En outre, M. Le Gall a estimé qu'un déménagement avant 2016, pour quelques années seulement, ne serait pas opportun car il occasionnerait des dépenses importantes, liées notamment à la sécurisation des archives.

Il conviendrait donc de réaliser une analyse comparative des deux scénarios envisageables :

- le scénario dans lequel la Cour reste dans ses locaux actuels pendant cinq ans avant d'emménager dans les locaux actuels du TGI, en renégociant son loyer à la baisse sur cette période transitoire (mais rien ne garantit que le bailleur se plierait à cet exercice) ;

- le scénario dans lequel la Cour déménage dans un nouveau lieu pour quatre ou cinq ans, ce qui occasionnerait des dépenses liées à la sécurisation des archives et à l'aménagement des nouveaux locaux, avant d'investir les lieux libérés par le tribunal de grande instance de Paris libérés au Palais de justice.

M. le Gall a également précisé à votre rapporteur spécial que la Cour nécessite des locaux spécifiques, susceptibles de garantir la confidentialité des auditions et de respecter l'anonymat des personnes interrogées. En outre, les bâtiments doivent être situés suffisamment près de la Cour de Cassation, du Conseil d'Etat, de l'Assemblée nationale et du Sénat, ce qui restreint le champ possible de son implantation. Cependant, en ce qui concerne les audiences des procès, elle peut user facilement des locaux du Palais de justice pour un coût modique. La seule contrainte réside donc dans la garantie de confidentialité. Enfin, M. Le Gall a précisé qu'un échange de lettres avait eu lieu entre la Cour, le ministre du budget et le bailleur, ce qui a permis la renégociation du loyer précitée.

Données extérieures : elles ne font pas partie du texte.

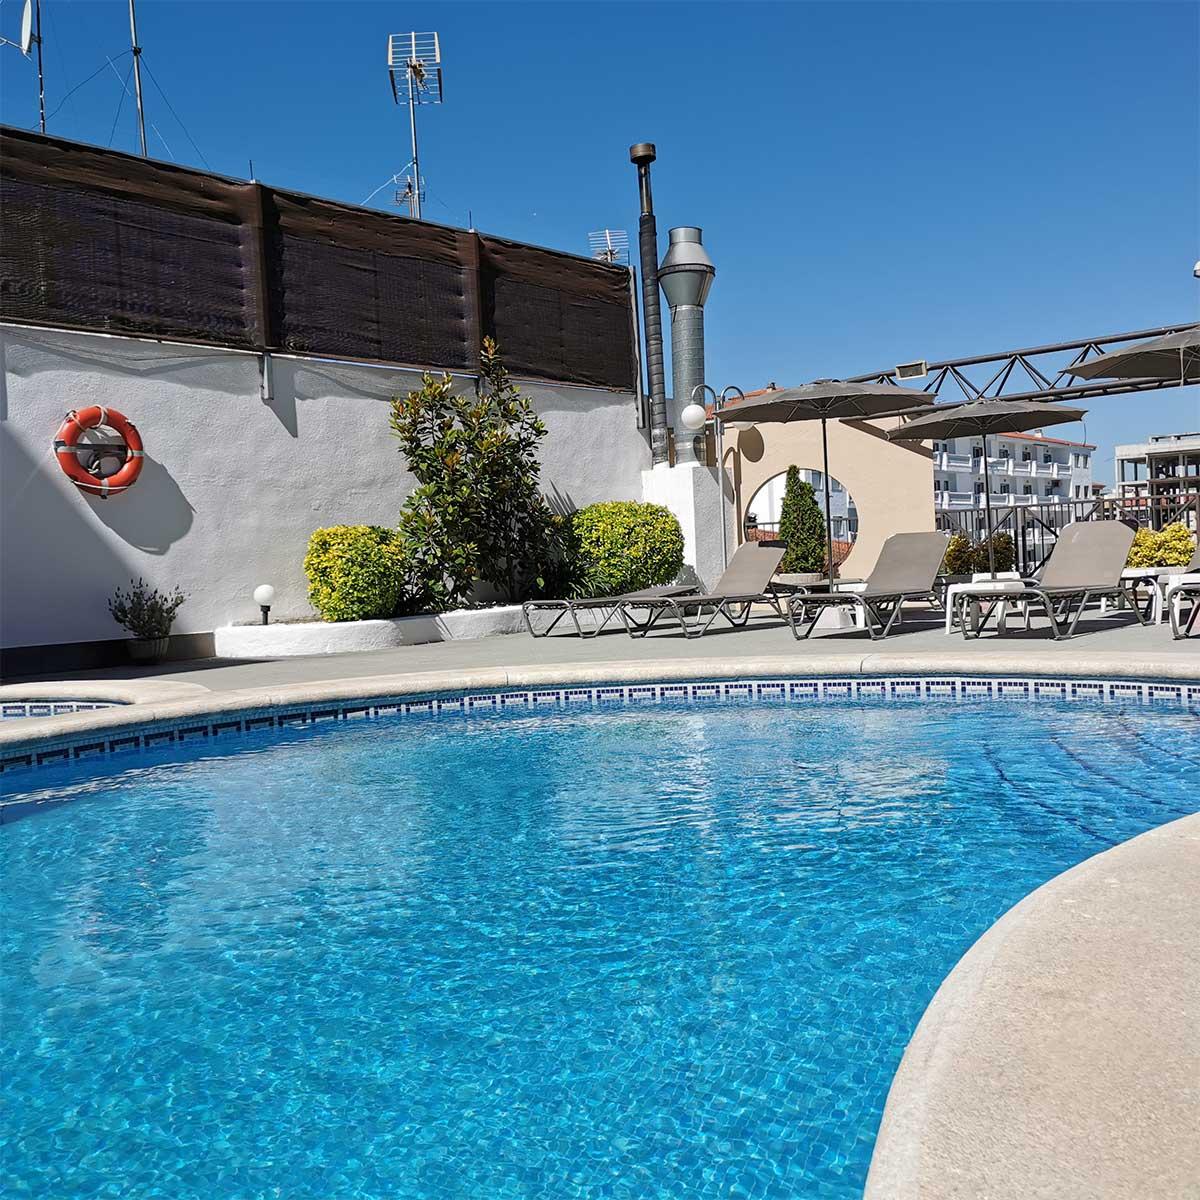 En el Hotel Petit Palau disponemos de servicio de piscina exterior y solarium

Votre rapporteur spécial a pu constater la volonté des autorités de la Cour de faire avancer ce dossier à travers les éléments de réponse qui lui ont été communiqués. En revanche, il s'étonne que France Domaine n'ait pas encore donné suite au courrier du Président de la Cour et qu'il n'ait pas été en mesure de lui faire des propositions de relogement adéquates, à un coût acceptable. Il estime en effet que cette mission relève pleinement de France Domaine et non de la Cour. C'est pourquoi, il propose un amendement qui a pour objet de réduire la dotation de la Cour de justice de la République à hauteur de 200 000 euros. Cette réduction de crédits doit inciter la Cour et France Domaine à faire évoluer rapidement cette situation insatisfaisante. Il appartient à France Domaine d'effectuer des propositions de relogement adéquates, à un coût très inférieur au loyer actuel, aux autorités de la Cour de justice de la République, et ce dans les meilleurs délais.

Votre commission des finances sera donc particulièrement attentive aux démarches de France Domaine dans ce sens au cours des prochains mois, ainsi qu'aux simulations qui devront être réalisées concernant le coût d'un éventuel déménagement.